Shopping (Safeway): white flour, Corn Chex cereal, can of diced tomatoes, Safeway house blend coffee, Safeway breakfast blend coffee, can of Libby pumpkin, bag of granulated sugar, bag of powdered sugar, can of evaporated milk, Crisco, 4-pack of Perrier (this was a gift for a coworker), spaghetti, sandwich bags, eggnog, honey walnut cream cheese, garlic & herb cream cheese, brown cage-free eggs, whipping cream, salted butter, unsalted butter, frozen peas, organic whole milk, sponges, 6 Safeway-made bagels (assorted flavors), bag of Safeway wheat rolls, bag of Safeway Kaiser rolls, whole pork tenderloin, 1 lb. natural ground beef, nova salmon, 2 russet potatoes, 1 red onion, garlic, 1 bunch kale, 1 white onion, 4 organic yams, 3 organic tomatoes, dried peaches, 6-pack of tiny boxes of Craisins (for Christmas stockings), 2 bags of cranberries, sliced black forest ham, Gruyere cheese. $144.
Lunch: 1/2 grapefruit, Barbara's cheese puffs, Safeway-made wheat roll with butter, pistachios.

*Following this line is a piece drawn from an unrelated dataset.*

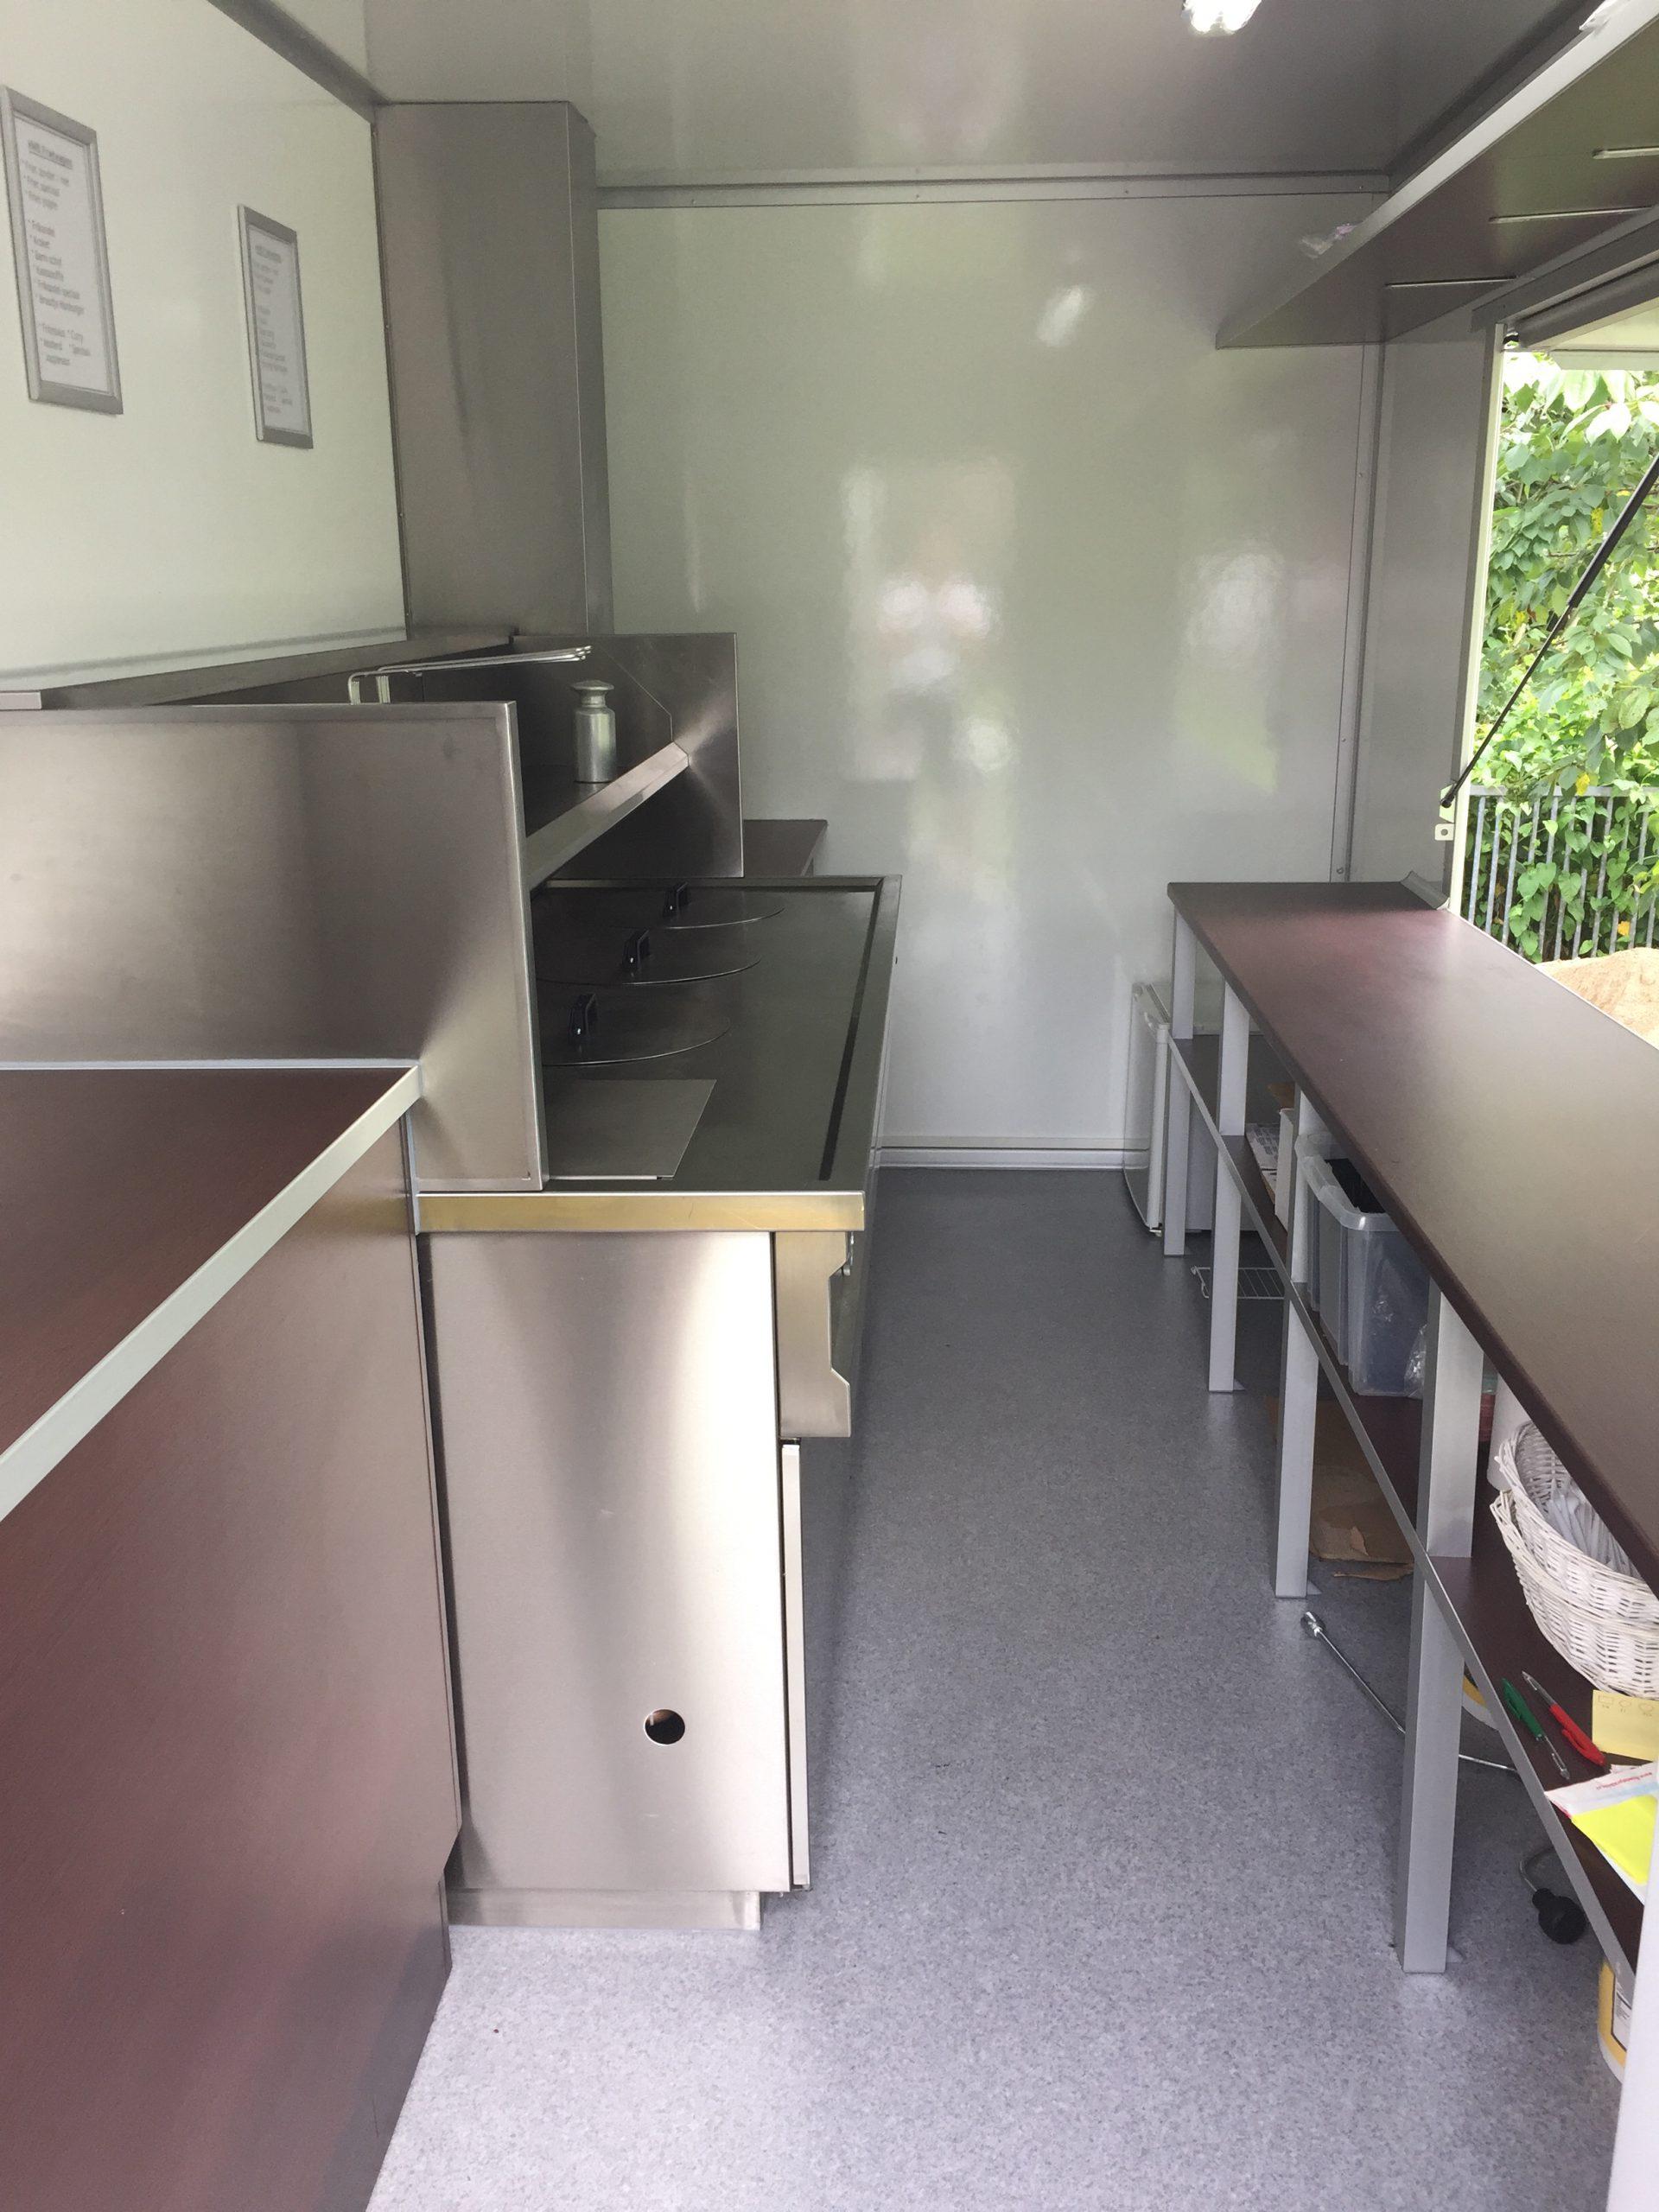 Frietwagen onbeperkt, zonder personeel

In the late afternoon, my daughter and I made Christmas cookies. I will bring most of them to work for gifts, and we will keep some for home as well. We have adopted my stepmother's Christmas cookie recipe that she inherited from her grandmother. (Sorry, Mom, but they are just better than our family's cookies.) Hence, my recipe card reads "Grandma Dore's Cookies," even though I never met Grandma Dore and know nothing about her. The cookies are a basic shortbread dough, just butter, sugar and flour, rolled, cut and baked (carefully), and then frosted, not too heavily, with a simple vanilla frosting. There is nothing complicated about them. Counting both cookie and frosting, they have six ingredients (seven if you count the food coloring). However, making 3 batches at once is something of an endurance test. At the end my daughter and I had about twenty or thirty cookies left to frost, and dinner was ready-- I was prepared to interrupt our project to eat a quick dinner-- and then we looked at each other, said "let's just knock 'em out," and proceeded to frost all those remaining cookies in about 2 minutes. We are not picky about looks.

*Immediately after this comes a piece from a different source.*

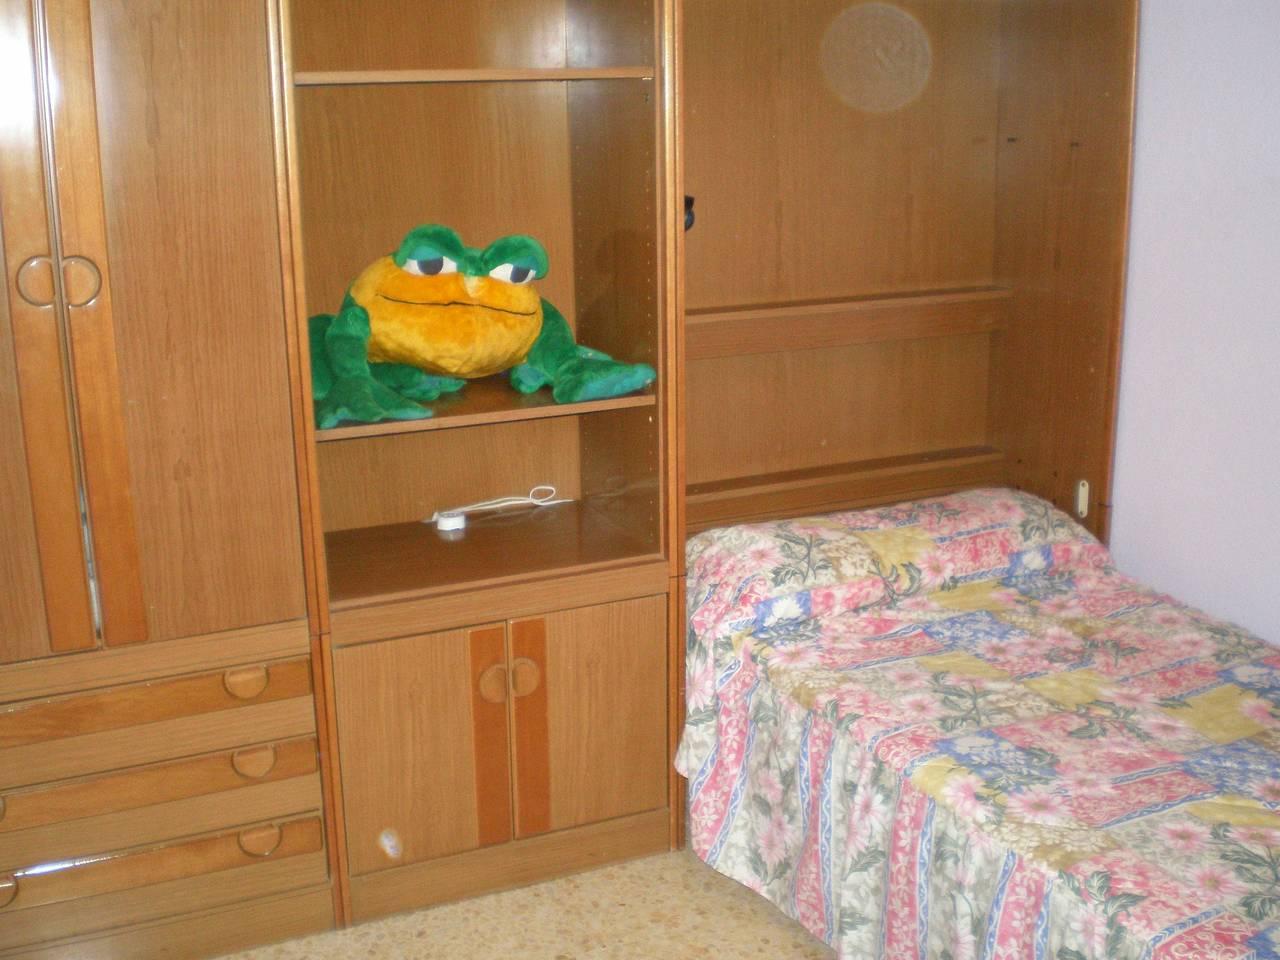 en soria se alquilan una habitacion en piso compartido  - Foto 11

Dinner: Spaghetti with a sauce made from canned diced tomatoes, garlic, onion, dried herbs, olive oil, and a little sugar. Grated sharp cheddar cheese on top. Eaten while watching Masterchef Junior, mainly because the dining table was too covered with frosted Christmas cookies, spread out on parchment paper, to actually sit down to dinner.
Snacks: various bits of cookie dough and cookie at various stages of baking. A couple of Hershey's kisses while preparing the gift bags for work with cookies and kisses. I am not really sure what else. One thing I've realized, over the past week or so, is that the creeping weight gain of the holidays is partly because we lose track of the snacks we're having. Usually, at the end of the day, I can say precisely what I have eaten. In the past days, not so much. People hand you things and you consume them. Holiday treats are sitting around your house (whether they've been given to you, or you have bought or made them to give to others), and you consume them. There's a thoughtlessness about popping a Hershey's kiss in your mouth while you're wrapping presents that is different from the way I eat chocolate at other times of year. What did I eat today? Who can tell? Oh, I did have 2 cups of regular coffee and 1 cup of decaf, with half and half. Somehow I never got around to having my second cup of decaf.
Even my holiday writing style has become disjointed and wandering.